I expected a logical, well-thought-out explanation, an answer that would cause me to nod my head in agreement and say, yes, I understand, it was the only thing to do.

“I couldn’t get it out of the can,” she blurted. “I had to scoop it, so there you go.”

“What?” I said. “You couldn’t get it out of the can? That’s it?”

“Yeah. What else do you want? The spoon’s right next to it.”

I was, of course, still grieving.

“There must have been a way to remove it from the can without destroying it like this, turning it into cranberry gruel,” I said. “I mean, you open the can, use a can opener to open a few holes at the bottom and it slides right out. Then you slice it. That allows those at the table to pick their favorite slices, like the ones that have the indentation from the can, because those are always the best because those ridges just burst with flavor.”
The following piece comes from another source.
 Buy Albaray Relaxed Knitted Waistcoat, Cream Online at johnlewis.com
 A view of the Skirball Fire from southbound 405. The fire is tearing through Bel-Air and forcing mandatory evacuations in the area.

“You’re rambling. Get over it.”

“But how can you do something like this? Did you even think before you started hacking at it? As you tossed it into the bowl, didn’t the unappealing nature give you a clue that what you were doing was just plain wrong?”

“Look,” she said, “I know how to get cranberry sauce out of the can. But the cans are different now. They’re molded at the bottom so there’s no way you can use a can opener on the bottom. There’s no lip. So you have to scoop it out.”

My mind raced with alternatives.

“Why couldn’t you poke the bottom with a knife? Or an icepick? A screwdriver, yeah, a Phillips head, that would have been perfect. A couple of pokes and that baby slides right out of there like pulling your-“

I don’t need to finish that sentence like I did at the table. Suffice to say the F-bomb quickly took a back seat to, well, let’s just say Paula’s mom was well aware of the euphemisms for male and female genitalia.